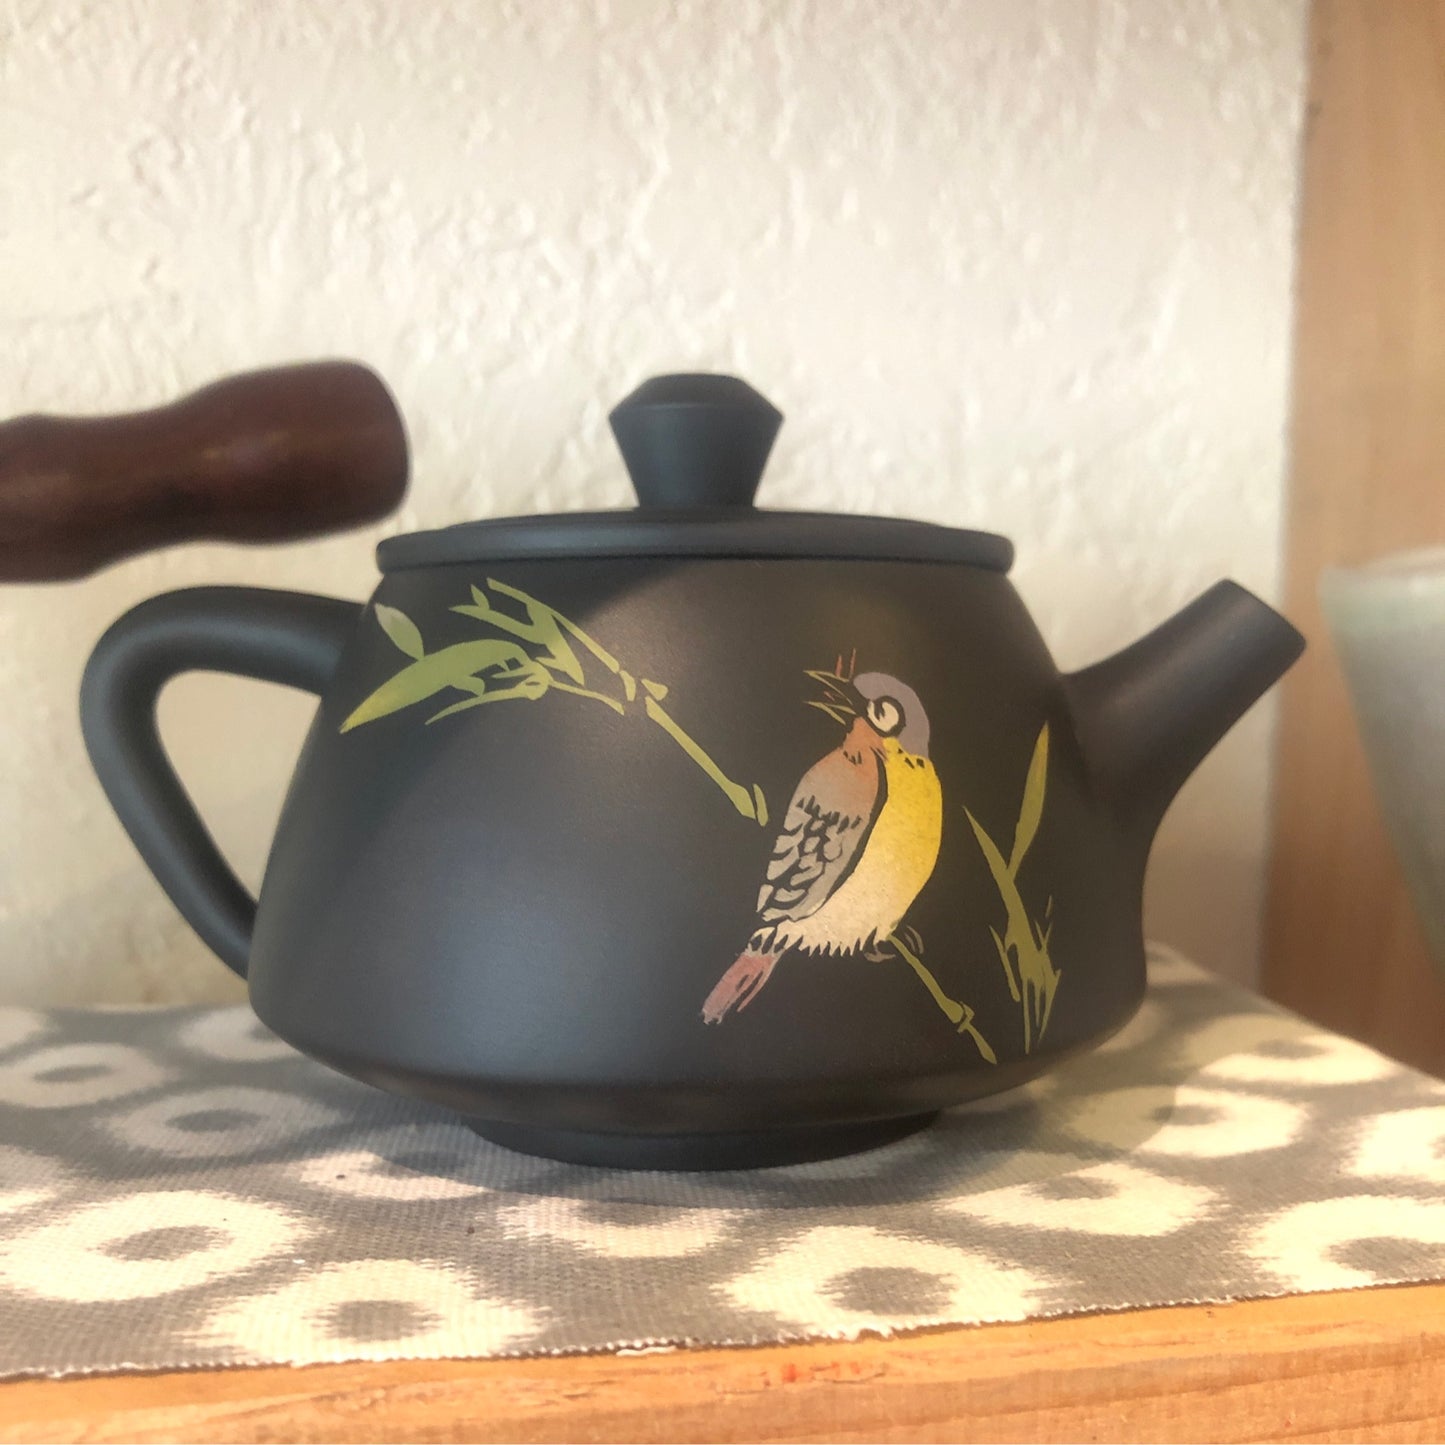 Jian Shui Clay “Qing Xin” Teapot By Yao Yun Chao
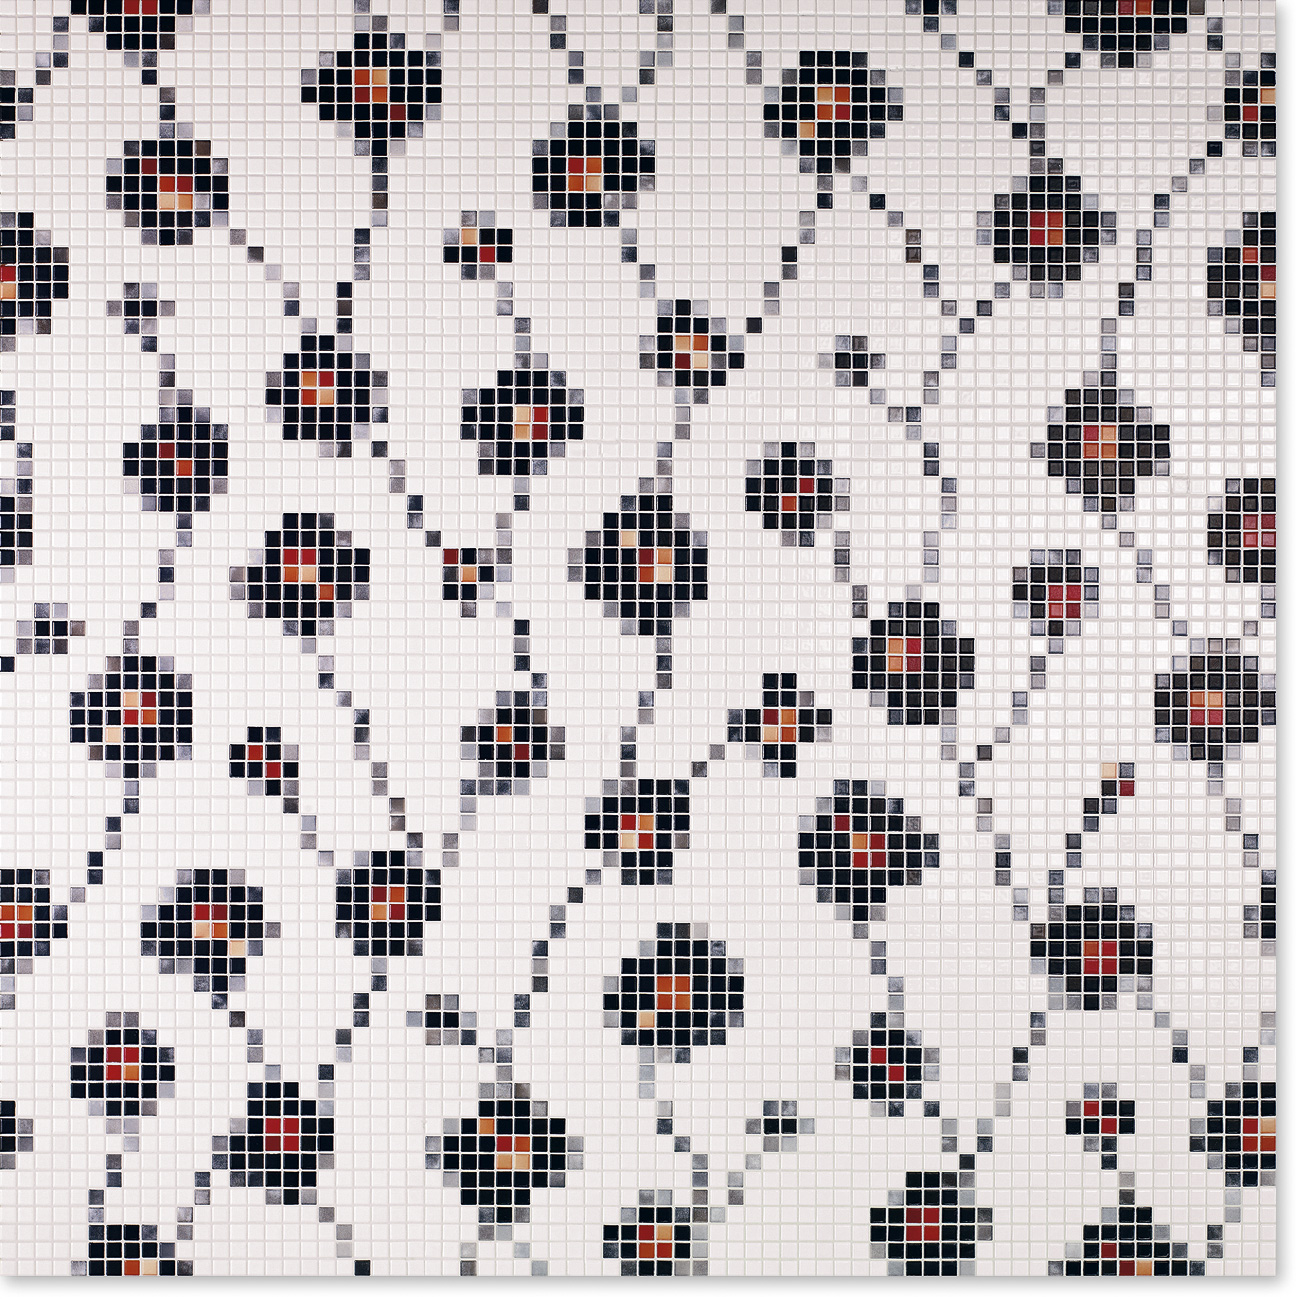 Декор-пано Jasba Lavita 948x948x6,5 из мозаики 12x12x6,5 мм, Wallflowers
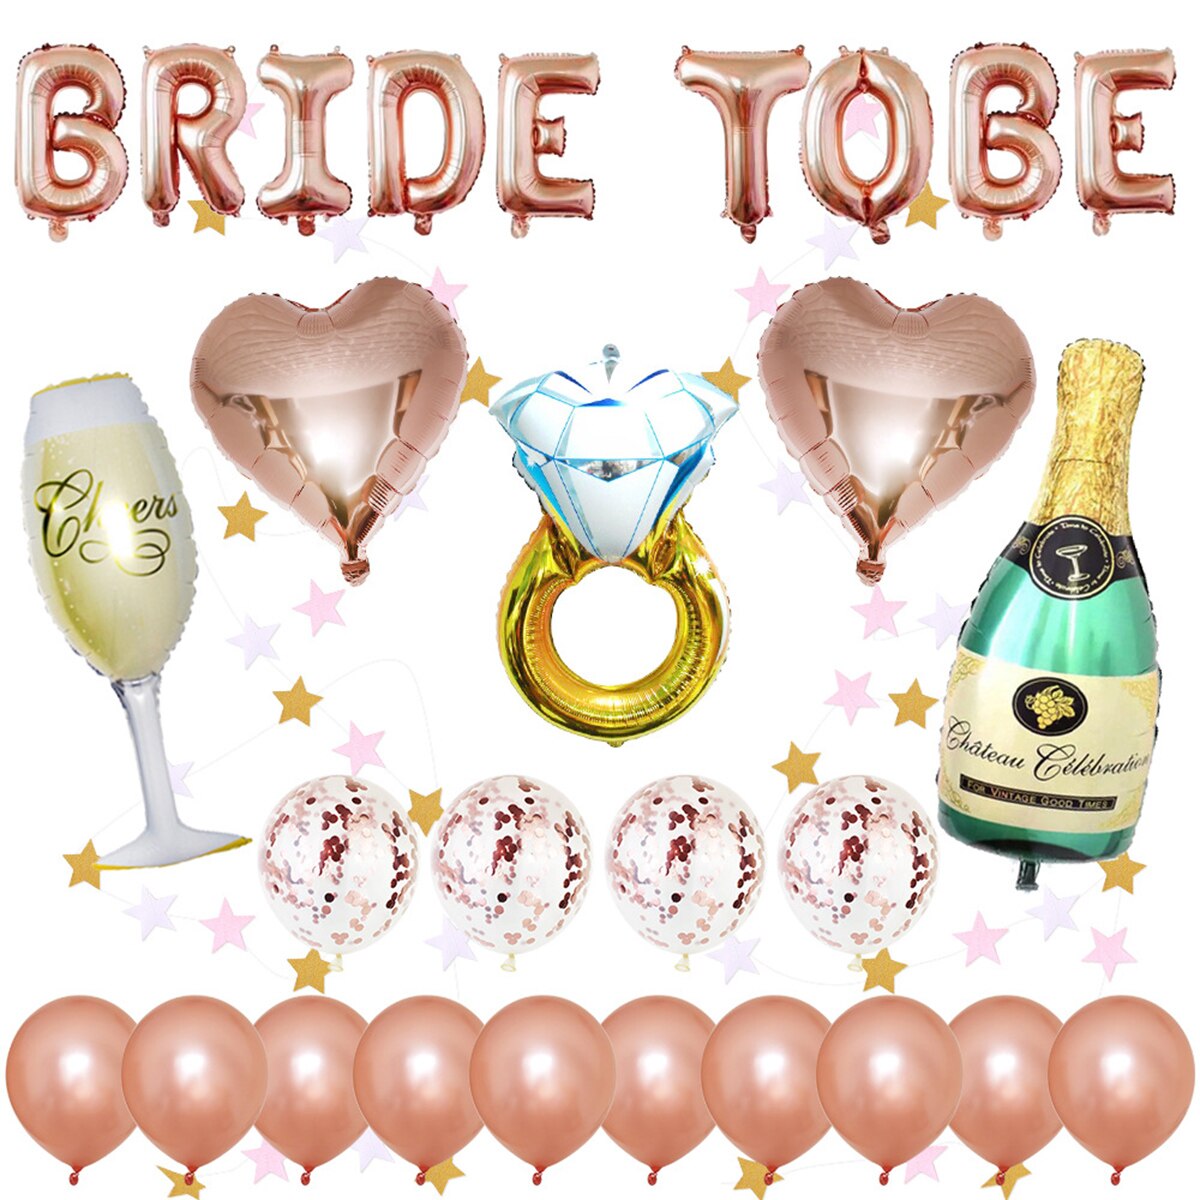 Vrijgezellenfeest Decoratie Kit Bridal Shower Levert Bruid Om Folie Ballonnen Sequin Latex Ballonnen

══════════

Would you please transcribe the listing in full, exactly, while omitting the images?

Solution:
 Jian Shui Clay “Qing Xin” Teapot By Yao Yun Chao
 Декор-пано Jasba Lavita 948x948x6,5 из мозаики 12x12x6,5 мм, Wallflowers
 Vrijgezellenfeest Decoratie Kit Bridal Shower Levert Bruid Om Folie Ballonnen Sequin Latex Ballonnen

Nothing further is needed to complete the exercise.